The subsequent incorporation of TMs is related to the TM_n–N_xV₂ models. An open structure constitutes the most stable model for Cu#3 on TM₃–N₄V₂. Cu#3 only bonds with Cu#2, whereas the rest of the model remains unchanged, extending the Cu-cluster shape upward, as depicted in Fig. 3(a-3). On the other hand, Cu#3 in Cu₃–N₀V₂ forms three chemical bonds, binding with the pair of Cu atoms (Cu#1 and Cu#2) and a C_α1. Moreover, the Cu#2 atom also reaches three-fold coordination. However, instead of being bound with two C_α1 as in Cu₂–N₀V₂, it bounds to one C_α1 and the other two Cu atoms, forming a triangular shape, as shown in Fig. 3(b-3). The C_α1 atoms bonded to Cu atoms are in the same pentagonal ring. The Fe₃–N_xV₂ model holds a triangular shape for the Fe atoms on both substrates. However, only Fe#1 is bonded to the four N atoms along the monolayer plane, while neither Fe#2 nor Fe#3 bonds to any substrate atom. In this configuration, the Fe₃ triangle cluster lies perpendicular to the substrate plane, positioning Fe#2 and Fe#3 over opposite hexagonal rings (Fig. 3(c-3)). On the other hand, in Fe₃–N₀V₂, since Fe#1 has crossed the substrate lattice, Fe#2 and Fe#3 bond to two C_α1 each. Fe₃–N₀V₂ presents a more significant number of chemical bonds, as shown in Fig. 3(d-3). Furthermore, in Cu₃–N₀V₂, Fe₃–N₄V₂, and Fe₃–N₀V₂, the TM cluster shape induces a similar chemical environment for TM#2 and TM#3; that is to say, these are atoms with equivalent bond symmetries.

The fourth TM incorporation generates the TM₄–N_xV₂ models shown in Fig. 3(a-4, b-4, c-4 and d-4). Note that in the Cu₄–N_xV₂ model, three Cu atoms are chemically bonded to the substrate. On the nitrogenated substrate, Cu#1 bonds to all N atoms; Cu#2 and Cu#4 bond to an opposite N atom in Cu₄–N₄V₂ (Fig. 3(a-4)). Meanwhile, in Cu₄–N₀V₂, Cu#4 is the Cu atom that does not bind to the substrate (Fig. 3(b-4)), and as described in the Cu₃–N₀V₂ model, Cu#2 and Cu#3 bond to adjacent C_α1 in a pentagonal ring. For Fe₄–N₄V₂, Fe#1 is still the only Fe atom of the Fe₄ cluster that is chemically bonded to the substrate; the other three Fe atoms bond only to Fe atoms, adopting a perpendicular planar configuration (Fig. 3(c-4)). On the other hand, in Fe₄–N₀V₂, Fe#4 is the only Fe atom that doesn't bond to the substrate, and the rest of the Fe atoms remain unchanged compared with the Fe₃–N₀V₂ model (Fig. 3(c-4)). The TM₄–N_xV₂ model form rhomboidal cluster shapes across the substrates except for Cu₄–N₀V₂, where the rhombohedral cluster shape is planar and perpendicular to the monolayer (see Fig. S1(a–d)4†). Additionally, the TM4 cluster induces an identical adsorption position for TM#2 and TM#3, generating a triangular configuration with TM#1.

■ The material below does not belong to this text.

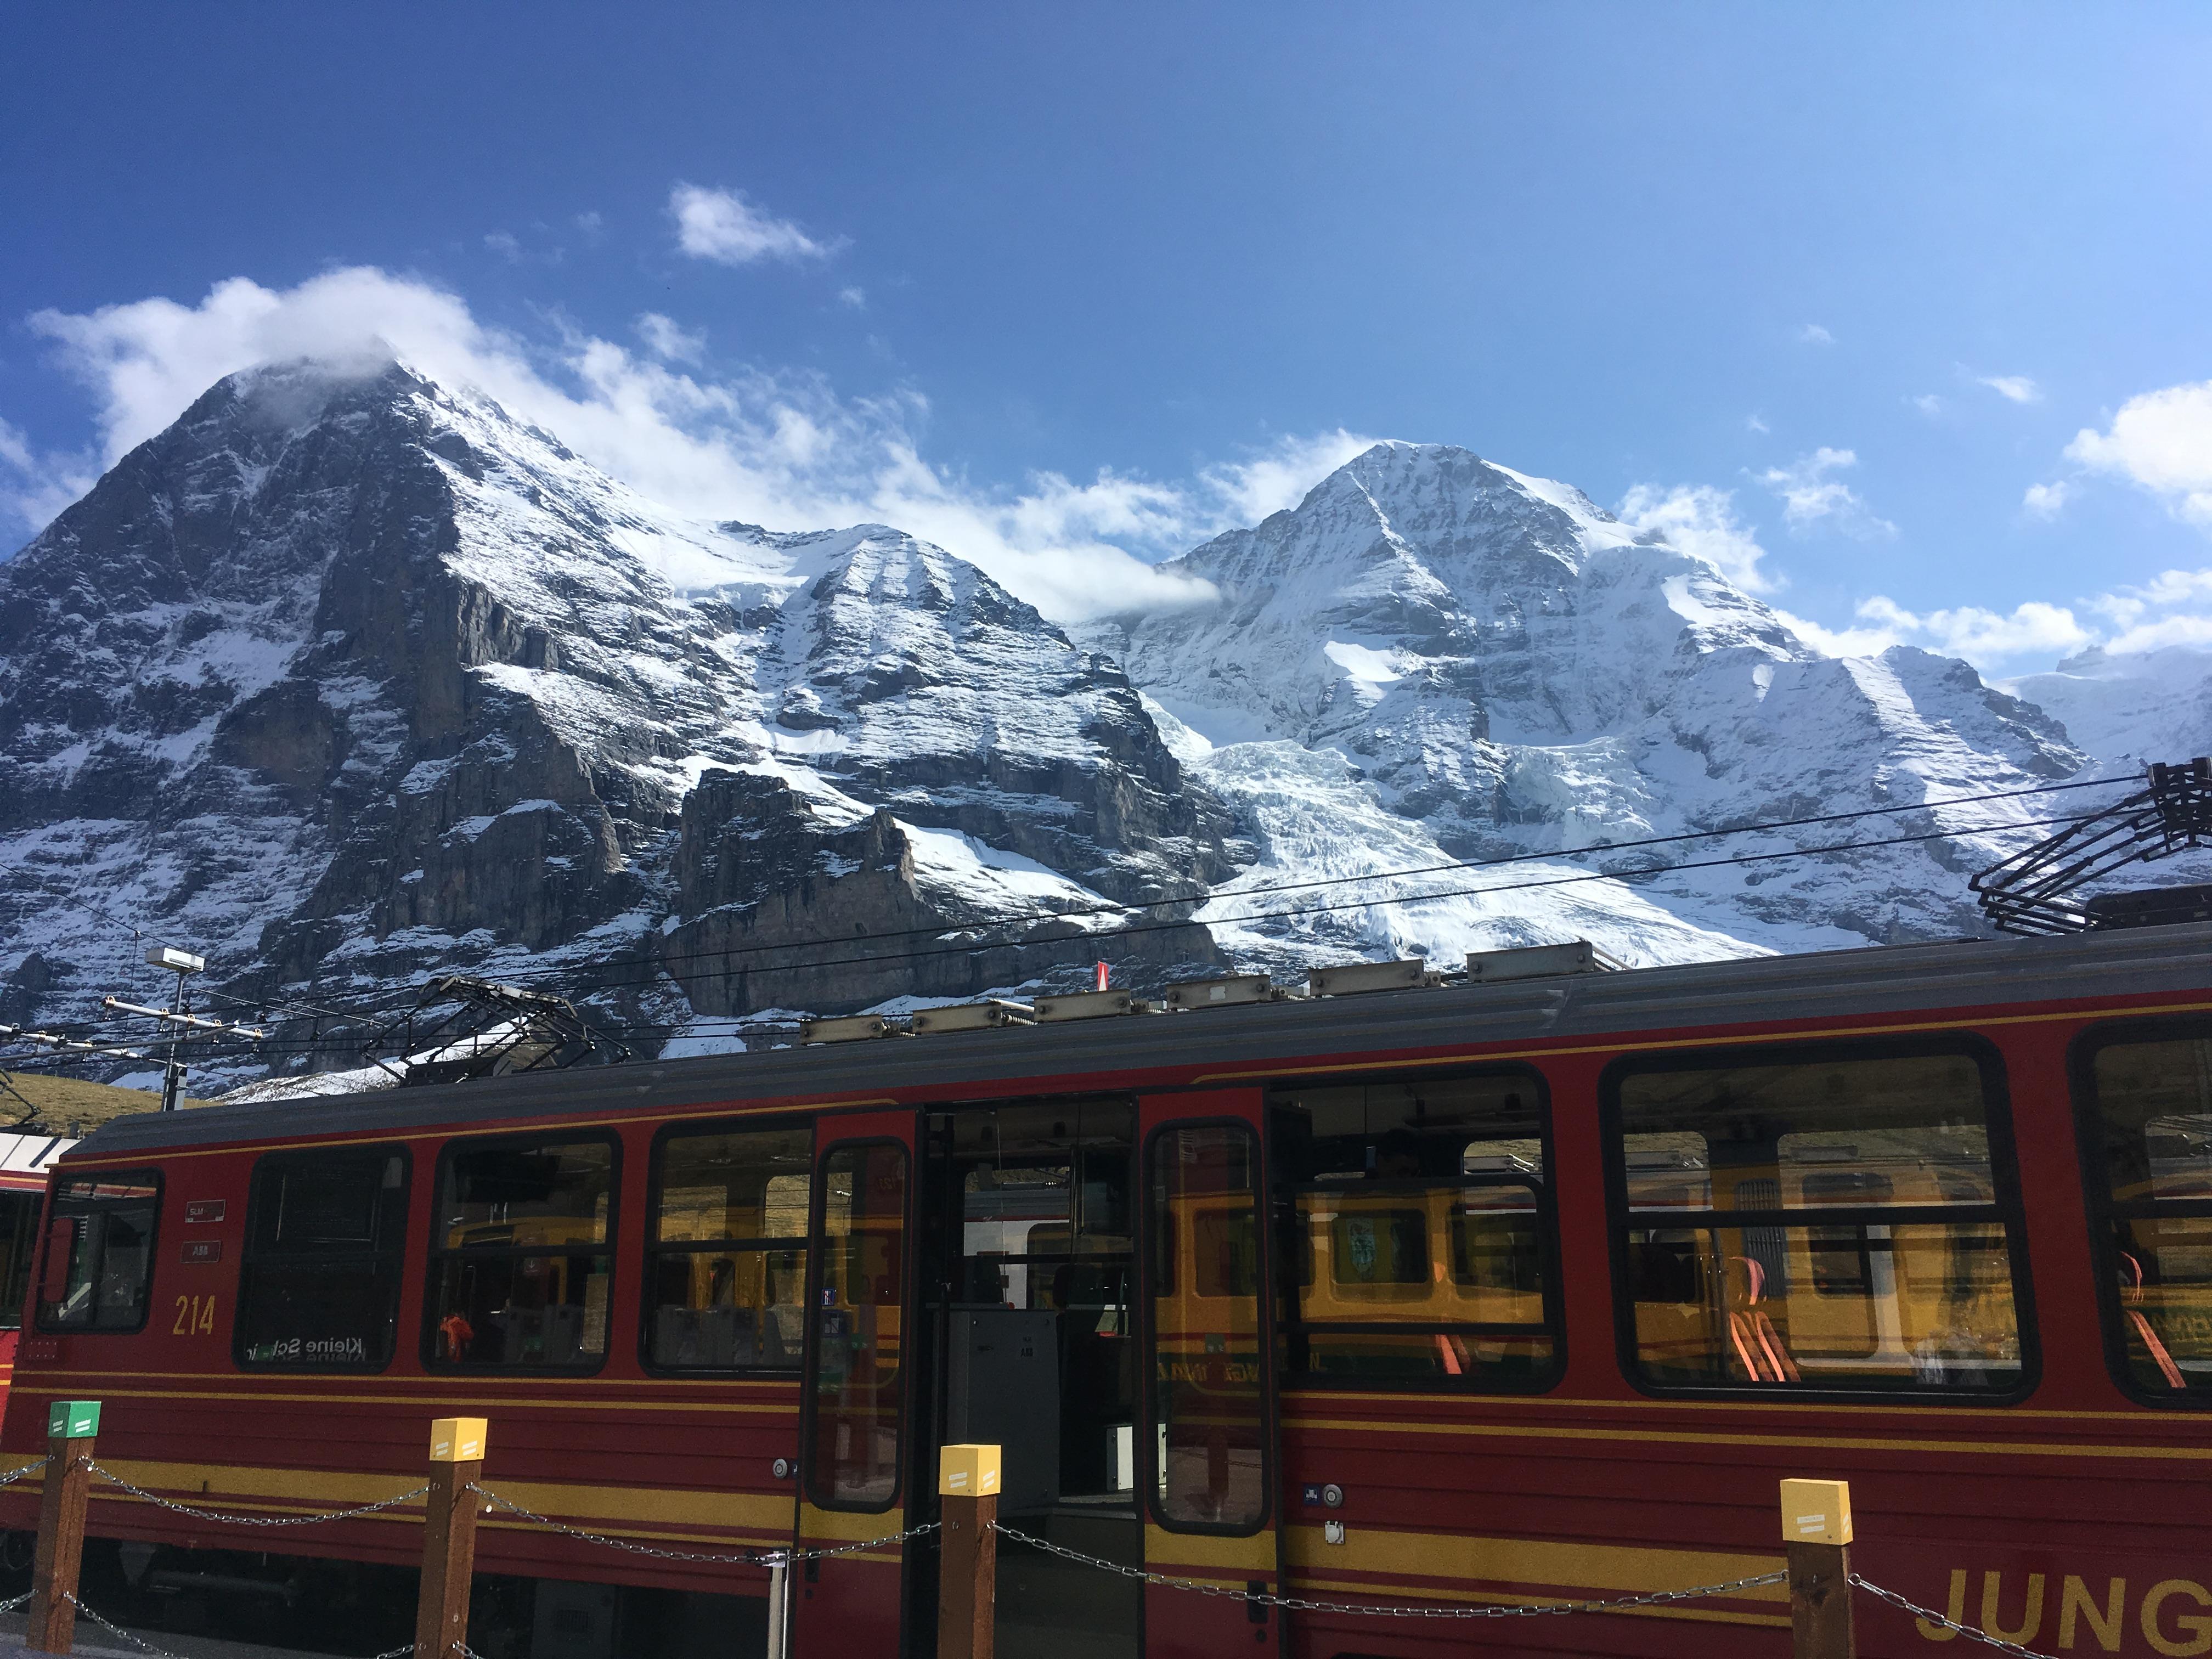 Tren en Grinderwald

The subsequent incorporation generates the TM₅–N_xV₂ models. For Cu#5 on the nitrogenated substrate (TM₅–N₄V₂), a semi-triangular cluster shape is generated where Cu#5 is two-fold coordinated with the Cu#4 atom and a Cu atom that interacts with an N atom from the substrate (Fig. 3(a-5)). For the TM₅–N₀V₂ substrate, the Cu#5 atom reaches a three-fold coordination with three Cu atoms, completing a rhombohedral shape (Fig. 3(b-5)). For the addition of Fe atoms, the Fe#5 atom also achieves a similar configuration to the previously described Cu#5 over the TM₅–N₄V₂ substrate, while on TM₅–N₀V₂ the same cluster shapes emerge. In this configurations, a pair of Fe atoms supporting the top Fe#5 atom of the rhombohedral cluster establishes an interaction with the surface.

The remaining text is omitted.